В это время появились гости второго стола. Восемь человек тихо расселись с двух его сторон, около них возникла целая армия официантов. Я где-то читал, что на больших приемах за рубежом каждого гостя обслуживает свой кельнер, возвышающийся за спиной. Что-то похожее изобразилось за вторым столом. А стол поклонников Смирнова обслуживали два или три официанта, они явно не справлялись со своими обязанностями. Зато им помогали велеречивые тосты — длинные, как эстрадные новеллы. Во время тостов все только слушали, прекращая есть и пить, — это давало возможность официантам сменить блюда и наполнить бокалы.
Наш стол, длинный, двадцатиместный, гремел аплодисментами, оглашался приветственными криками, разражался радостным смехом, чуть ли не пел. А за вторым столом стояло молчание, там деловито вкушали и пили, тостов не произносили, а если и разговаривали, то даже ко мне, сидевшему к ним всех ближе, не доносилось ни одного отчетливого слова.

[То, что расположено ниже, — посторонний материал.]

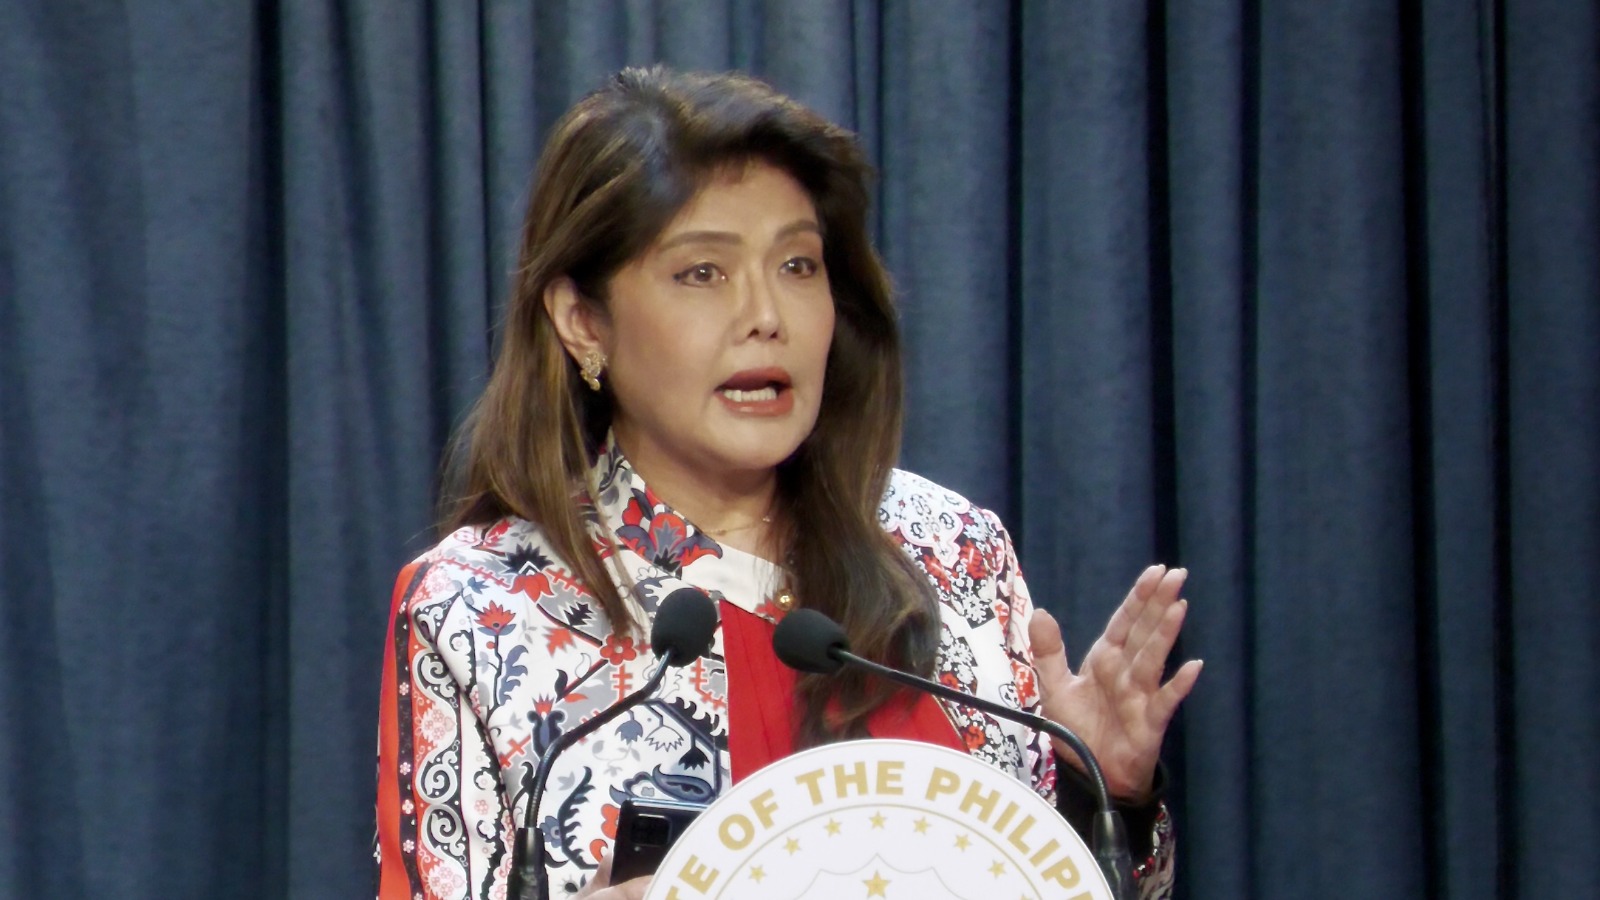 Imee Marcos calls for 'urgent' probe into El Niño's ill-effects

Зато официанты, сновавшие у второго стола, несравненно внимательней прислушивались к любому звуку оттуда и куда поспешней реагировали на каждое движение обедавших. У меня постепенно создавалось впечатление, что он, маленький, деловой, а не праздничный, для ресторанных служак был много важней нашего, многолюдного, шумно чествующего знаменитого гостя Грузии.
Тосты в честь Смирнова эстафетно обегали весь наш обширный стол, то один, то другой вставали с бокалом вина и объявляли, как они любят и почему любят замечательного писателя, столько сделавшего для памяти о героях войны, до него погибавших в безвестности, а теперь удостоенных всенародной славы. Все это было верно, конечно, да и говорилось горячо и искренно. Смирнов приподнимался, прижимал руку к груди, благодарил. А затем он сам захотел произнести тост. И к своему смущению, почти ужасу, я услышал, что он говорит обо мне. Он восхвалял меня. Он описывал, как я сидел в тюрьме и лагере во время террора Сталина и Берии, но сохранил душу, не потерял ясного ума, остался верен нашим великим идеям. И поэтому, закончил с воодушевлением Смирнов, надо выпить за этого замечательного человека, в прошлом инженера, ныне писателя.
Грузины народ воспитанный, почитатели Смирнова были к тому же из интеллигентов, все, не вставая с мест, дружно подняли бокалы, молча пригубили из них. Я понял, что погиб. Для Грузии я больше не существовал. Еще в самом начале тоста Смирнова я сообразил, что здесь мне не простят, что я был жертвой Сталина и Берии, истинными жертвами здесь виделись сами Иосиф Виссарионович и Лаврентий Павлович.